In the Hexi Corridor, charcoals from Huoshiliang and Ganggangwa sites show that this area was once an oasis with trees and shrubs, quite different from modern desert conditions (Li et al., 2011). Between 4100 and 3860 yr BP, human activities associated with bronze smelting had a major impact on the vegetation (Li et al., 2011). Analysis of material from the Xichengyi site gives a clue to past plant use and environmental conditions (Wang et al., 2014). However, integrated research based on large-scale archaeological sites is needed to fully reconstruct the Bronze Age and Iron Age vegetation. In this paper, charcoal remains from eight archaeological sites, including two continuous cultural sequences, are identified and integrally analyzed. By means of floatation to obtain charcoal remains and taxa identification through a scanning electron microscope, as well as precise accelerator mass spectrometry (AMS) ¹⁴C chronology, we identify the woodland types and examine human impact on local vegetation in the period 4300–2400 cal. yr BP in the arid Hexi Corridor.

Study area

The Hexi Corridor, surrounded by the Heli, Longshou, and Qilian Mountains, is a long, narrow lowland with an average altitude ranging from 1300 to 3500 m a.s.l. (Jia et al., 2014; Li et al., 2011). Three main river basin systems, the Shiyang, Heihe, and Shule rivers, flow from the Qilian Mountains to the desert, mainly supplied by water from mountain snowmelt, and generating a large number of oases in their fluvial plains (Figure 1; Li et al., 2011).

Figure 1.

Location of 11 archaeological sites found in the Hexi Corridor.

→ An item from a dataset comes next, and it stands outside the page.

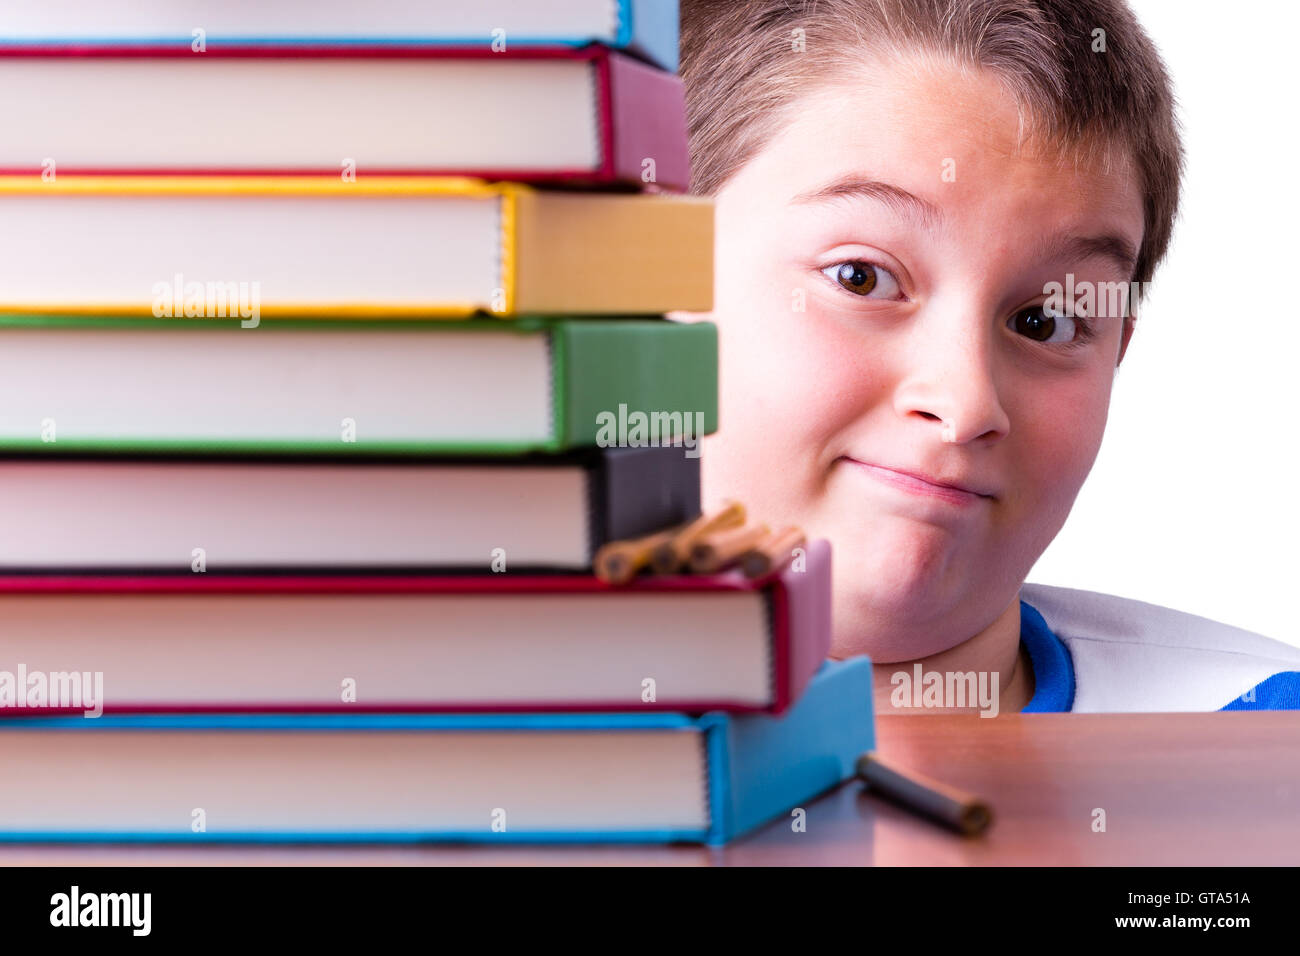 Vorsichtig optimistisch junge Schüler, die einen hohen Stapel von bunten Hardcover Bücher mit einem skurrilen mit weit aufgerissenen Augen Expressio betrachtete Stockfoto
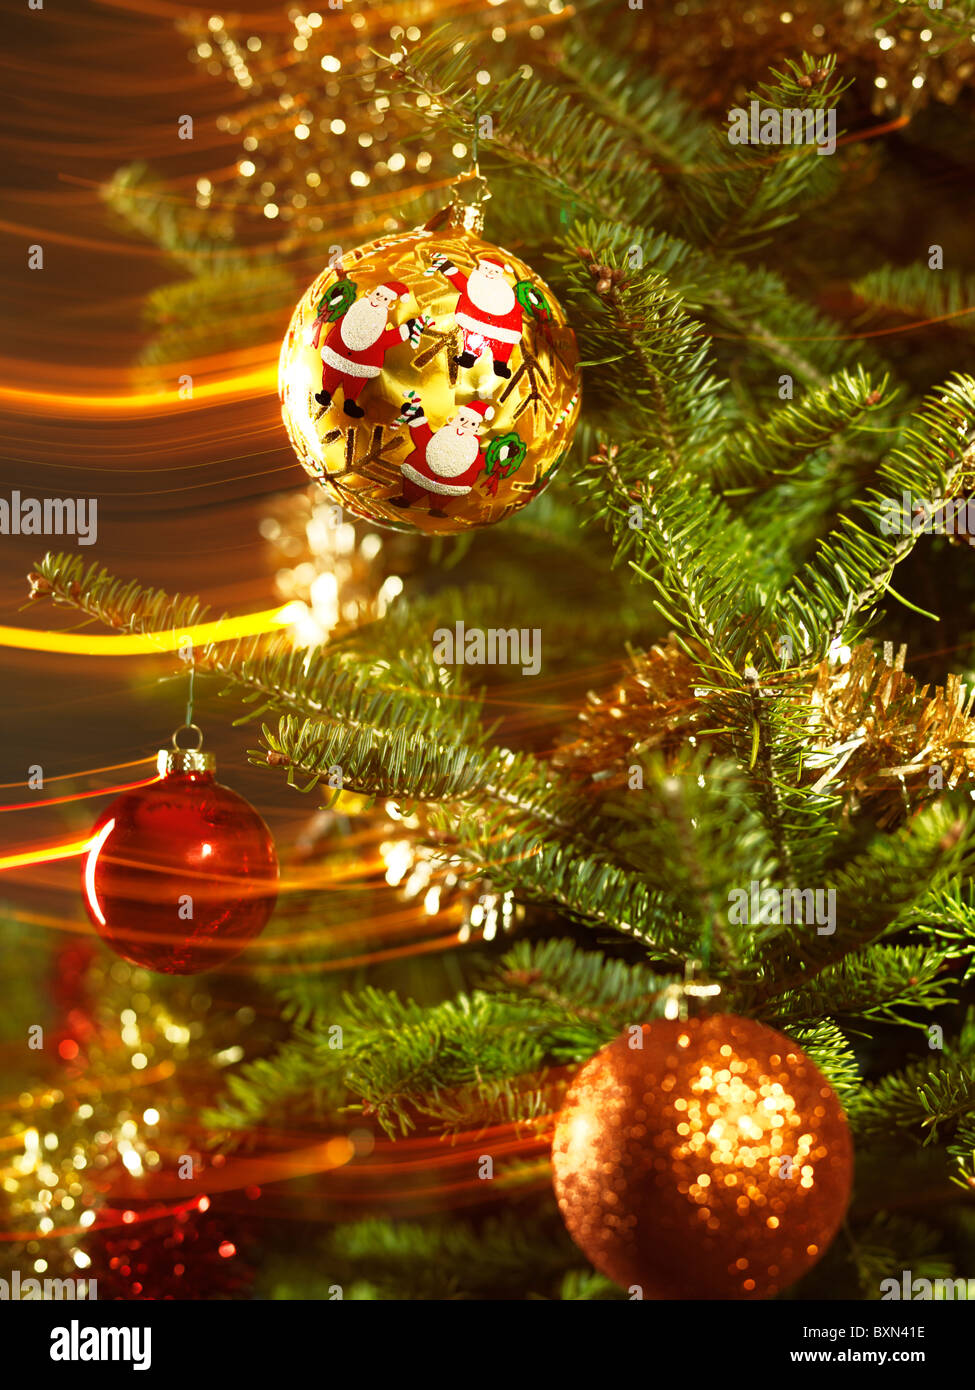 Foto Effetti Di Natale.Decorazione Per Albero Di Natale Su Albero Di Natale Con Magici Effetti Di Luce Foto Stock Alamy

As the Hexi Corridor is far from the ocean, it has an arid continental climate with a mean annual temperature range of about 4–9°C (Meng et al., 2013; Zhao, 1997). Modern precipitation, which plays a key role in regulating vegetation distribution, is transported by both the Asian monsoon and the westerly circulation, creating distinct regional differences (Wang et al., 2013). For the area influenced by the Asian Monsoon, annual precipitation can reach 550 mm. In the part affected by the Westerlies, annual precipitation is approximately 50–150 mm (Meng et al., 2013). However, annual evaporation in most regions can be about 2000–3000 mm. Rare rainfall and strong evaporation both cause such an arid climate that the local ecology is fragile and vulnerable to environmental change.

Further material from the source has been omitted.